-- Available data follows --

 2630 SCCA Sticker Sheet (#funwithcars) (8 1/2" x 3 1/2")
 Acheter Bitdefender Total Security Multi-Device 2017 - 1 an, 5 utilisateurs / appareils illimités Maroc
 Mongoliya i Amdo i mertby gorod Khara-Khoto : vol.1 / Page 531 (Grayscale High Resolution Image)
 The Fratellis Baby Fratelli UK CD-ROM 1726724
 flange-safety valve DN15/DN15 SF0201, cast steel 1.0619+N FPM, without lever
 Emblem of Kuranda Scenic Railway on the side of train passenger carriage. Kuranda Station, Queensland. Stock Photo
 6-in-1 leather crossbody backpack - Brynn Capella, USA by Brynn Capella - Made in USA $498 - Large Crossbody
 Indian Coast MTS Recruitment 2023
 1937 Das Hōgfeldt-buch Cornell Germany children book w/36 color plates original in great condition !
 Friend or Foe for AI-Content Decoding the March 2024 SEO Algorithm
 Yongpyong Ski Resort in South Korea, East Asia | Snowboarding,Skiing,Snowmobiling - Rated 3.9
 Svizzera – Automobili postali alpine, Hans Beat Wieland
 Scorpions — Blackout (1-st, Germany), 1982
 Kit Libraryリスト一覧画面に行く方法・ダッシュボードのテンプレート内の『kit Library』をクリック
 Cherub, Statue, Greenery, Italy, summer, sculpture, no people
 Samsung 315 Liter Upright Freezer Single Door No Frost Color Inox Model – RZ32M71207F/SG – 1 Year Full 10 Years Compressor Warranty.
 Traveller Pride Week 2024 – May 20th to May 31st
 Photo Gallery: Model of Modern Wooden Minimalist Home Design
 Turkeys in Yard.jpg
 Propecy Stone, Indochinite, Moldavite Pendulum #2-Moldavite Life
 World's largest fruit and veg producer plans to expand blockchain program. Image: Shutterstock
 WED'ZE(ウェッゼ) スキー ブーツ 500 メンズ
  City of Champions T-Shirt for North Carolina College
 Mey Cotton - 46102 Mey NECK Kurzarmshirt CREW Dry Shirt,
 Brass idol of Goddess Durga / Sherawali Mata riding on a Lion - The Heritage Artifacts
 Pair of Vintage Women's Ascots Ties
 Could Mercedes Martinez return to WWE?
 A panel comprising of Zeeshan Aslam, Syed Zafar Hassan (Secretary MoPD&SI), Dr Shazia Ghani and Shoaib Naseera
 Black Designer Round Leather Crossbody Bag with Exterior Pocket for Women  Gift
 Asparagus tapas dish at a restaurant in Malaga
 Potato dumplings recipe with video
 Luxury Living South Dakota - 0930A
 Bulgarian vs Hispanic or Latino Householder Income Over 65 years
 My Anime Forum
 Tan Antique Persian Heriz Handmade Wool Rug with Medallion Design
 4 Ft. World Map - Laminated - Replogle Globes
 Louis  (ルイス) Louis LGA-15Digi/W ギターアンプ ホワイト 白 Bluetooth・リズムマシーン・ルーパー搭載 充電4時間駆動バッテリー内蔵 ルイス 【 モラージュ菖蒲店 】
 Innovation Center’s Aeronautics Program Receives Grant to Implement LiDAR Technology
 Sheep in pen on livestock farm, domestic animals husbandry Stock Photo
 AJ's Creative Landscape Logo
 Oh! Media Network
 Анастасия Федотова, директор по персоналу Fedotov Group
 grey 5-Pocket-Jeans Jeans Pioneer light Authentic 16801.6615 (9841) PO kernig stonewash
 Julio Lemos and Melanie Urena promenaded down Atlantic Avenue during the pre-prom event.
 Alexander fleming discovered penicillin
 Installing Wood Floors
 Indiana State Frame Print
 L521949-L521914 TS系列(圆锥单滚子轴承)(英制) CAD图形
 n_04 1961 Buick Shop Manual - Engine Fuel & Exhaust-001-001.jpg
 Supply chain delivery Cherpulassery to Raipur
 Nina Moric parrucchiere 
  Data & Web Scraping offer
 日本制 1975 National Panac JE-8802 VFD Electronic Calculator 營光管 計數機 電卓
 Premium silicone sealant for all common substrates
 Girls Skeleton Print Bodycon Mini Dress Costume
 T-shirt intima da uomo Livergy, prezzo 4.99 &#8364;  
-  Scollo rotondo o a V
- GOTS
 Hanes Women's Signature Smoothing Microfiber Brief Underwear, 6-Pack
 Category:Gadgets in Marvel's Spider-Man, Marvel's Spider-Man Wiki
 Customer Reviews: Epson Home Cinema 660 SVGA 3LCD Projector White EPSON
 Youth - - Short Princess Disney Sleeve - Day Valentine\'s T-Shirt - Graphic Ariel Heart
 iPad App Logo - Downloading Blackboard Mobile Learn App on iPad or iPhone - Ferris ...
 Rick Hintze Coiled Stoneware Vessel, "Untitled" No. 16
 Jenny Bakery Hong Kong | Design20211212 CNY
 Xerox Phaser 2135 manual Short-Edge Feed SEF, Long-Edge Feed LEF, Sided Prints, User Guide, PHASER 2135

-- Available data concluded --

About this task
Please reproduce, exactly as written, the lines of the records from the first line through the one containing "The Fratellis Baby".

Task response
 2630 SCCA Sticker Sheet (#funwithcars) (8 1/2" x 3 1/2")
 Acheter Bitdefender Total Security Multi-Device 2017 - 1 an, 5 utilisateurs / appareils illimités Maroc
 Mongoliya i Amdo i mertby gorod Khara-Khoto : vol.1 / Page 531 (Grayscale High Resolution Image)
 The Fratellis Baby Fratelli UK CD-ROM 1726724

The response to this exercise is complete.